CUDA initialized with 1 GPU per MPI rank; 64 GPU(s) used in total
MPI initialized with 64 MPI processes
MPI initialized with thread support level 3
AMReX (22.09-18-g3e5cc7780280) initialized

Starting run at 05:31:02 UTC on 2022-10-29.
Successfully read inputs file ... 

Castro git describe: 22.09-3-g41697201c
AMReX git describe: 22.09-18-g3e5cc7780
Microphysics git describe: 22.09

reading extern runtime parameters ...

 Initializing rate table
slurmstepd: error: *** STEP 3515755.0 ON nid001025 CANCELLED AT 2022-10-29T07:31:00 DUE TO TIME LIMIT ***
slurmstepd: error: *** JOB 3515755 ON nid001025 CANCELLED AT 2022-10-29T07:31:00 DUE TO TIME LIMIT ***

Then I tried to run cuda-memcheck with the executable. I see a warning/error message saying: ========= Program hit CUDA_ERROR_INVALID_VALUE (error 1) due to "invalid argument" on CUDA API call to cuPointerGetAttribute. But, it is actually doing calculations because I see that it is initializing grids and other stuff.

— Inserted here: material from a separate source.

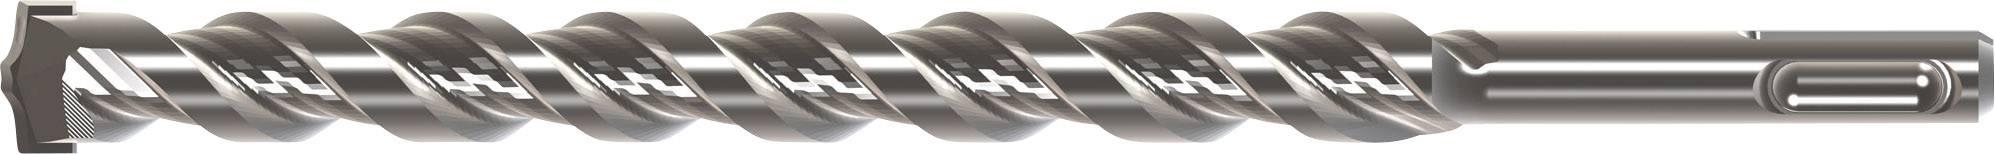 Příklepový vrták SDS Plus Heller Bionic, Ø 5 mm, délka 110 mm
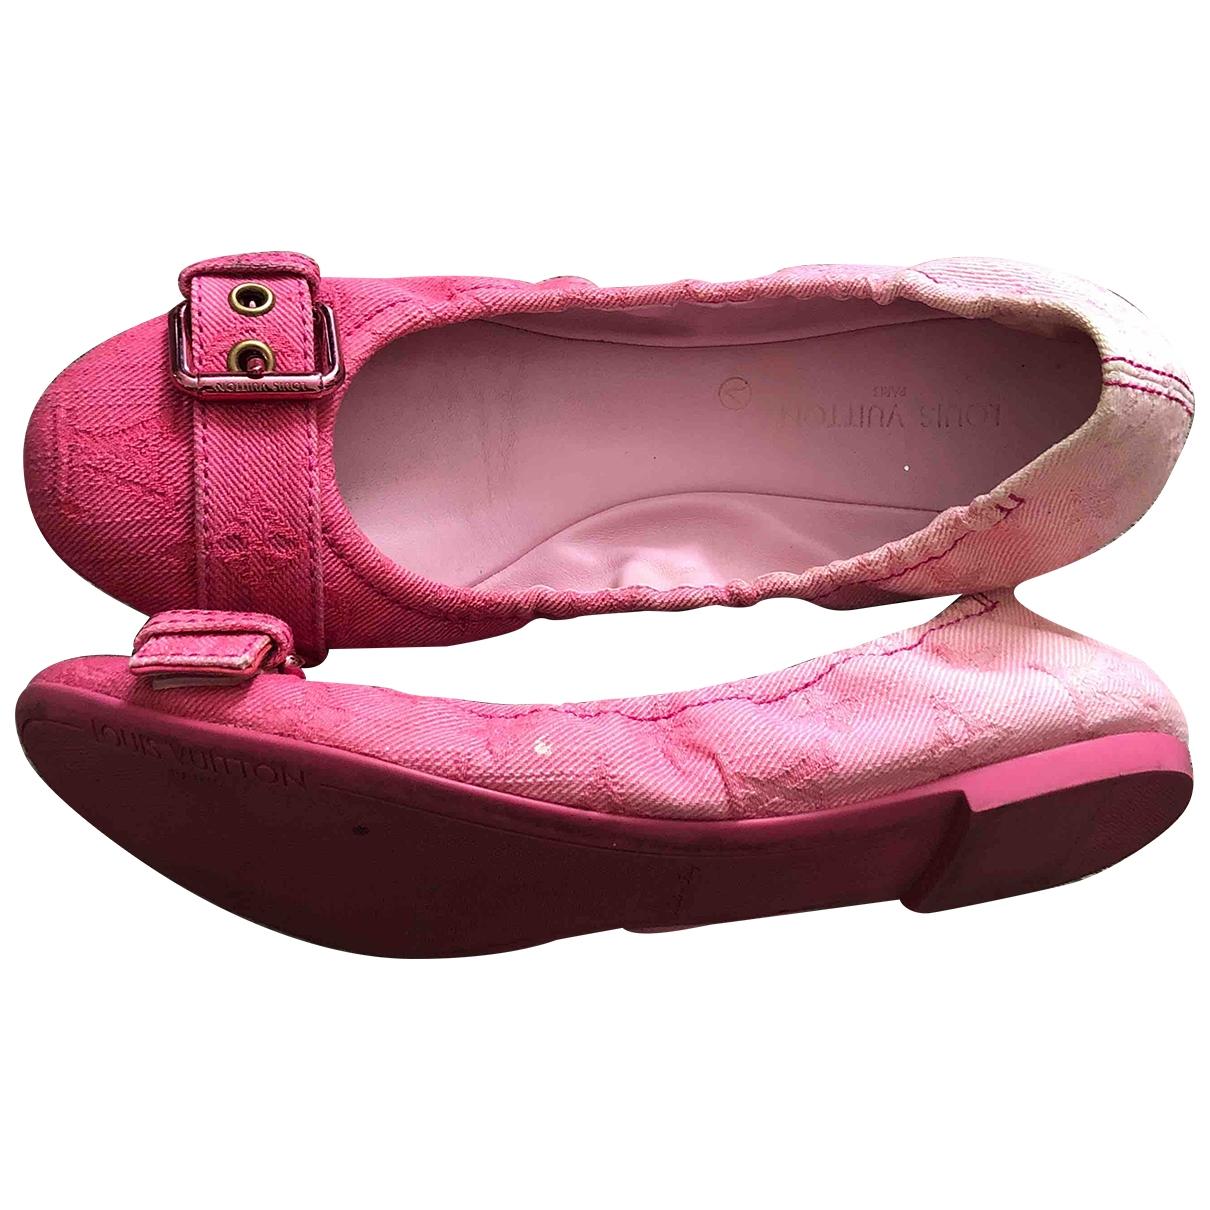 Louis Vuitton - Ballerines   pour femme en toile - rose

Then I tried to test cuda-memcheck on the Sedov problem executable, and have the same error message of CUDA_ERROR_INVALID_VALUE. But, I was able to just run the executable and run things nicely according to the output file.

zhichen3 commented 1 year ago

I also tried setting network.use_tables = 0. But it still doesn't seem to work.

zingale commented 1 year ago

can you update to the latest versions of AMReX, Castro, and Microphysics and try again?

zingale commented 1 year ago

also, what is the name of the inputs file you are using?

zhichen3 commented 1 year ago

I'll try again, I'm using inputs_He/inputs.He.1000Hz

zingale commented 1 year ago

I can reproduce this.

If I turn off the rate tables, it hangs on

reading extern runtime parameters ...

So I think that's actually where the problem lies.

zingale commented 1 year ago

note: the problem is still there all the way back for version 22.06 (haven't tried earlier)

zingale commented 1 year ago

The problem seems to be in eos_init()

If I add prints in Castro_setup.cpp, I get past read_params(), extern_init(), init_prob_parameters(), network_init()

zingale commented 1 year ago

this issue is the broadcast of the helmeos table:

Commenting out:

    amrex::ParallelDescriptor::Bcast(&f[0][0][0],    9 * imax * jmax);
    amrex::ParallelDescriptor::Bcast(&dpdf[0][0][0], 4 * imax * jmax);
    amrex::ParallelDescriptor::Bcast(&ef[0][0][0],   4 * imax * jmax);
    amrex::ParallelDescriptor::Bcast(&xf[0][0][0],   4 * imax * jmax);

and doing the read on all procs makes things work.

Going to close this issue and open one in Microphysics to handle a proper fix.